Work item -> Only the lines from the "COACH Women Handbags" line through the last line of the material below belong in the answer, reproduced exactly and with no pictures.

Supplied material ->
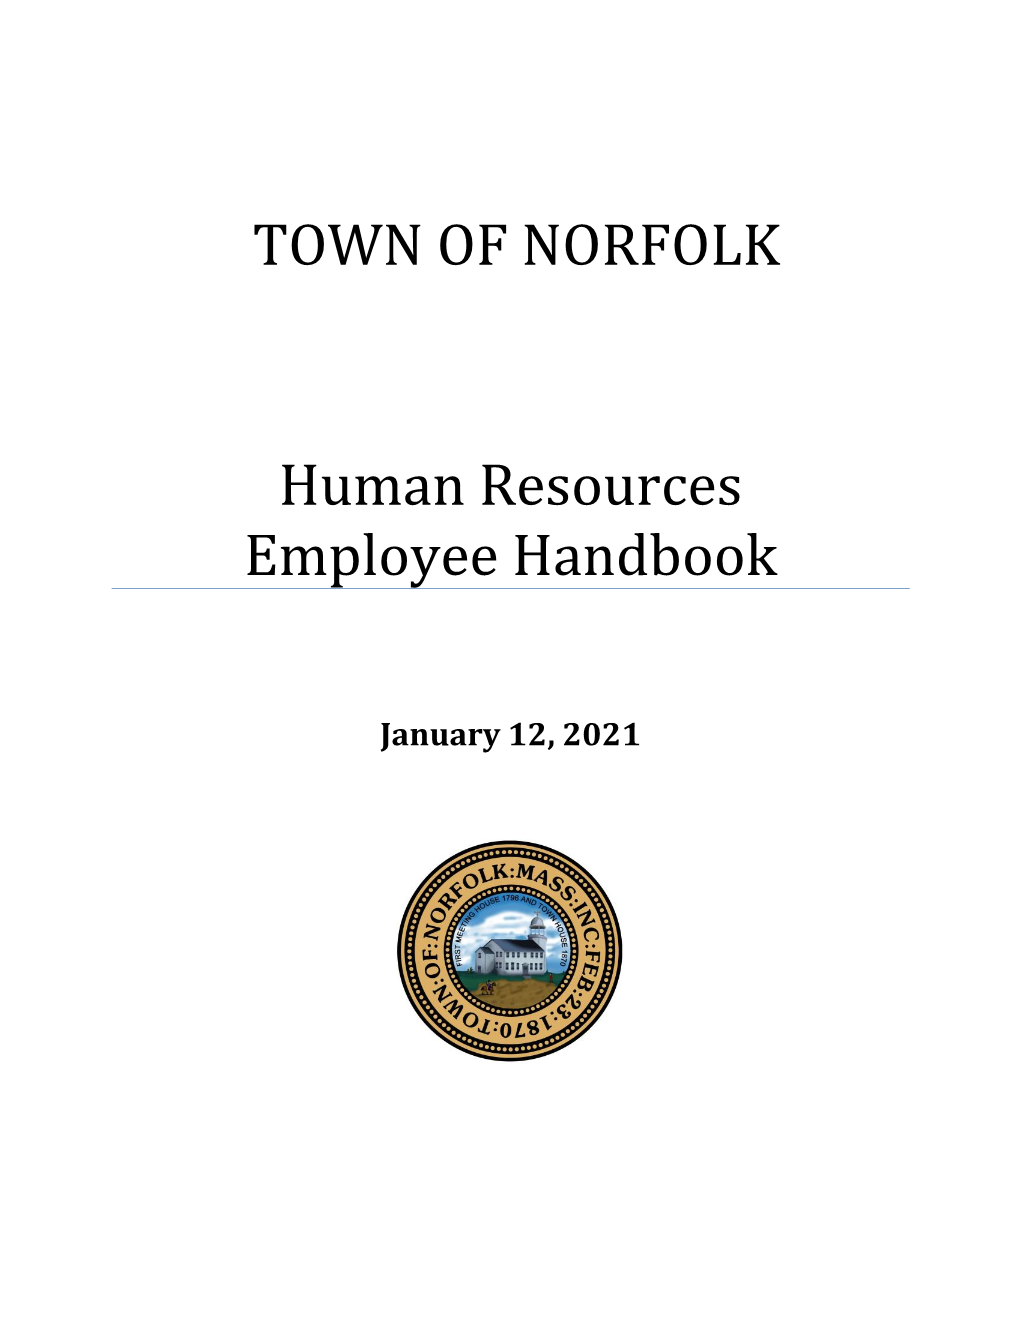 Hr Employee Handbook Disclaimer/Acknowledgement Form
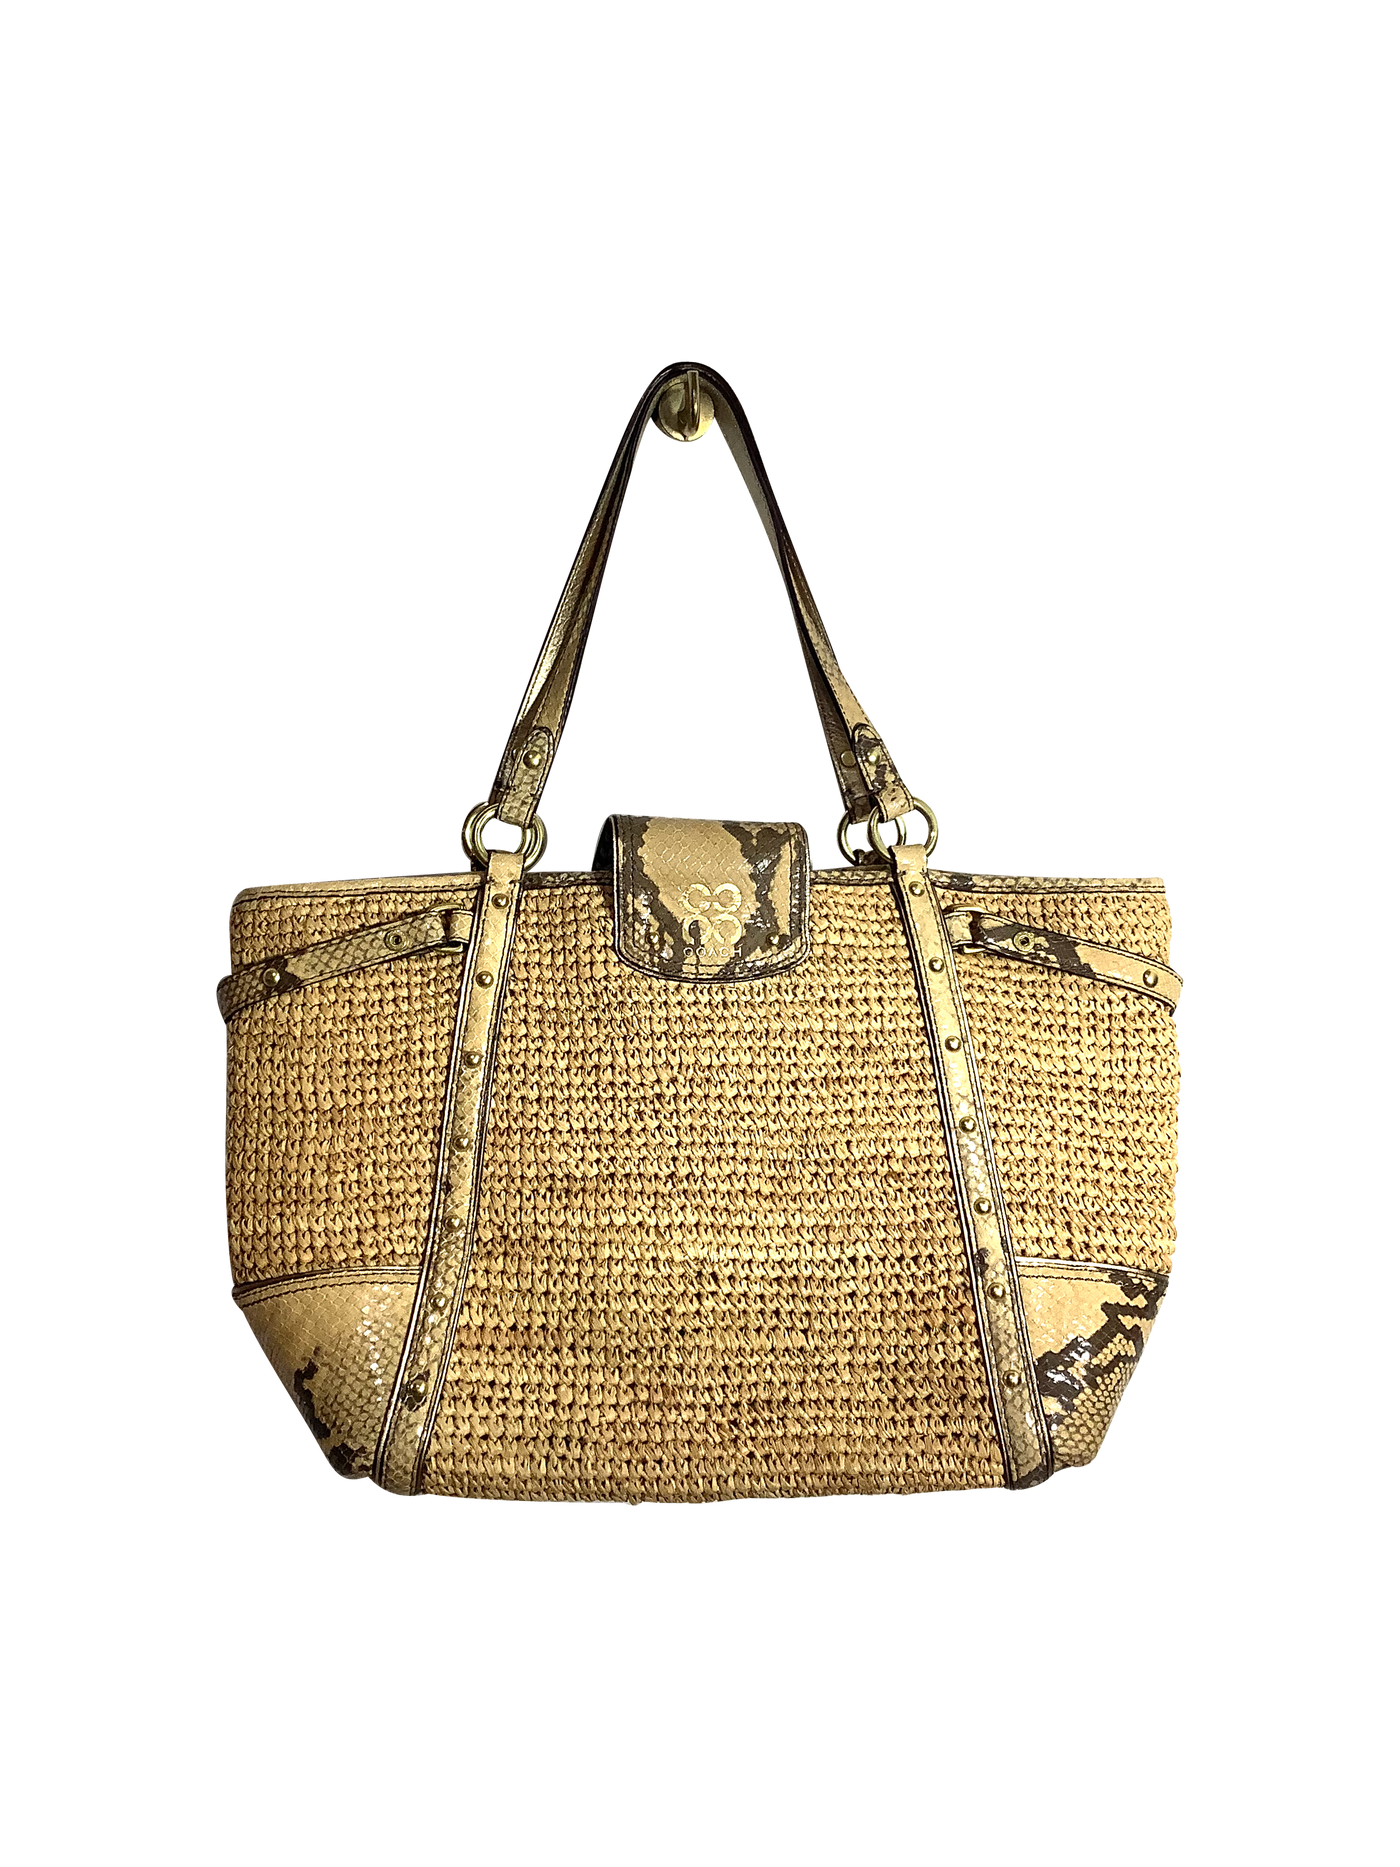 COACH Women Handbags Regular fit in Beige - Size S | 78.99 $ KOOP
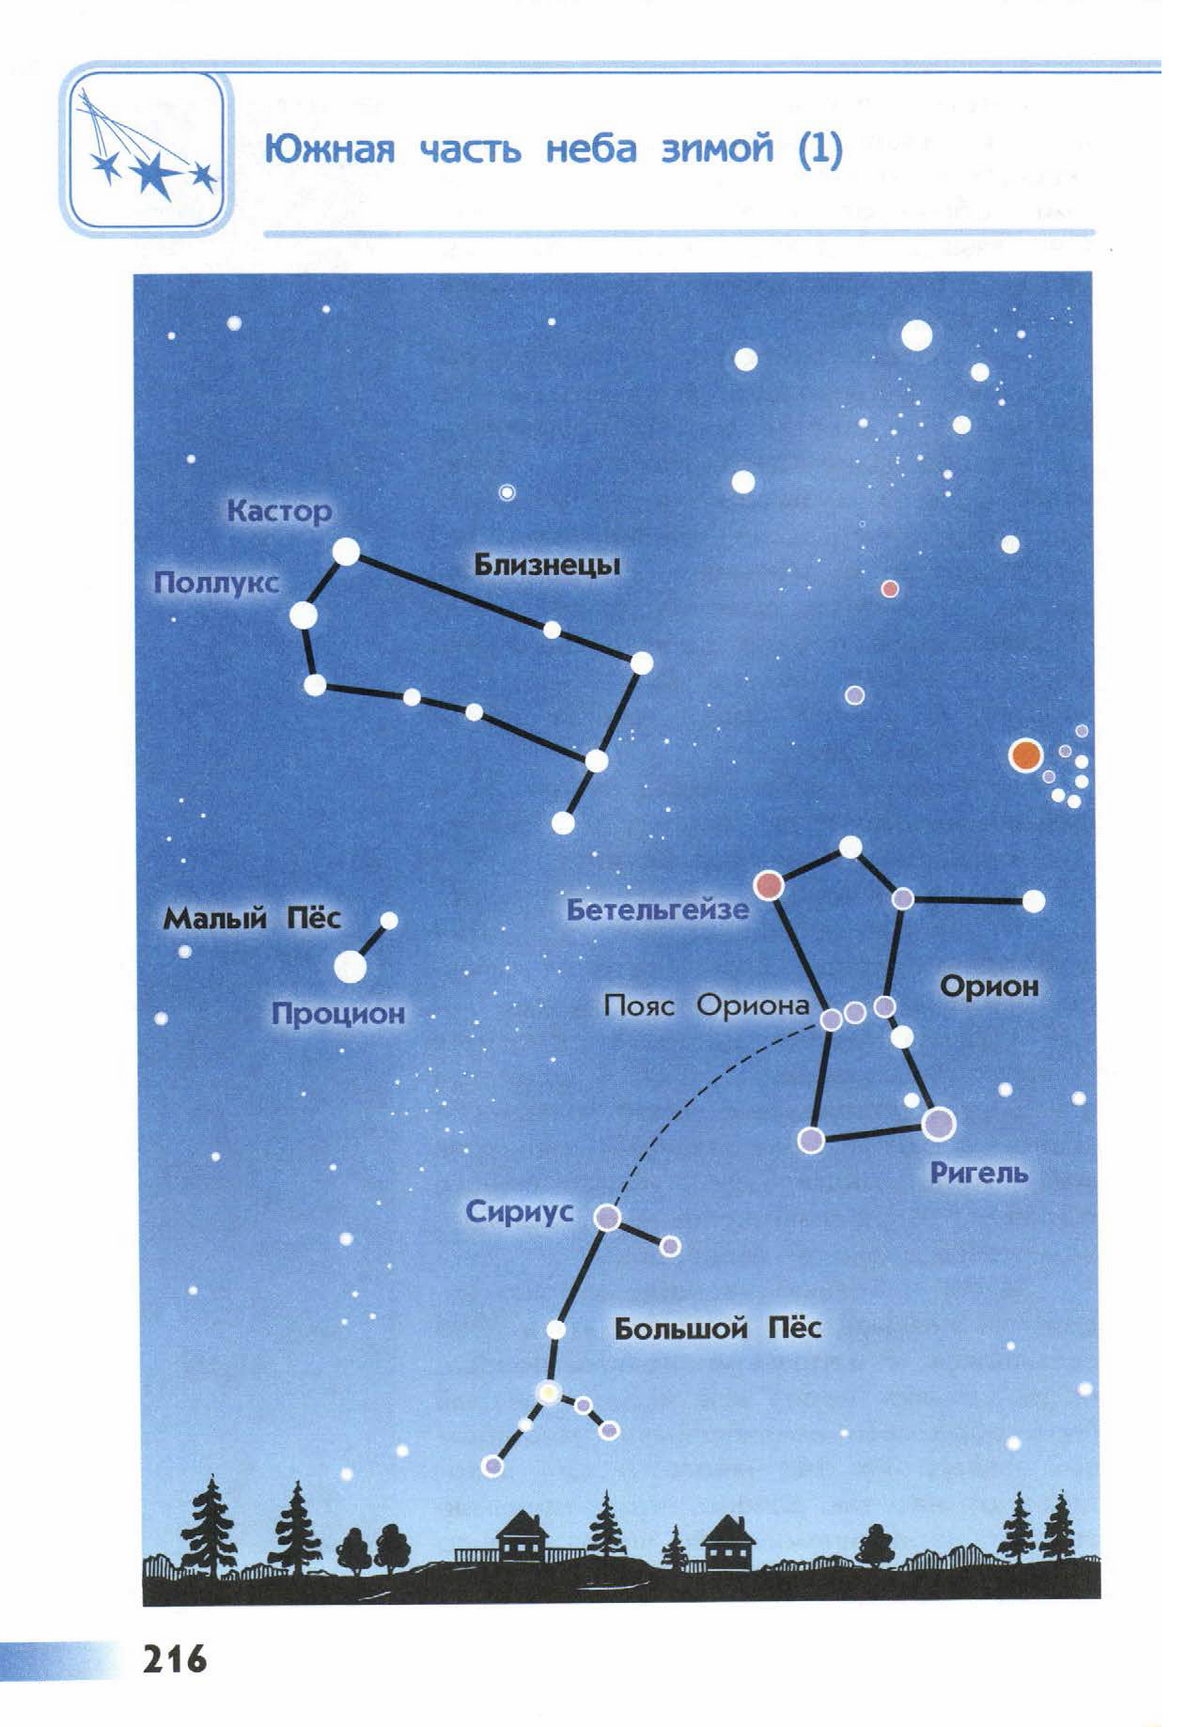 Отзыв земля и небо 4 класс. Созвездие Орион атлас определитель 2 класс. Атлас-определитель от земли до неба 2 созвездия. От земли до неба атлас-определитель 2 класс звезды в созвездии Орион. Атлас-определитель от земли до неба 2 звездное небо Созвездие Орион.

Solution ->
 COACH Women Handbags Regular fit in Beige - Size S | 78.99 $ KOOP
 Отзыв земля и небо 4 класс. Созвездие Орион атлас определитель 2 класс. Атлас-определитель от земли до неба 2 созвездия. От земли до неба атлас-определитель 2 класс звезды в созвездии Орион. Атлас-определитель от земли до неба 2 звездное небо Созвездие Орион.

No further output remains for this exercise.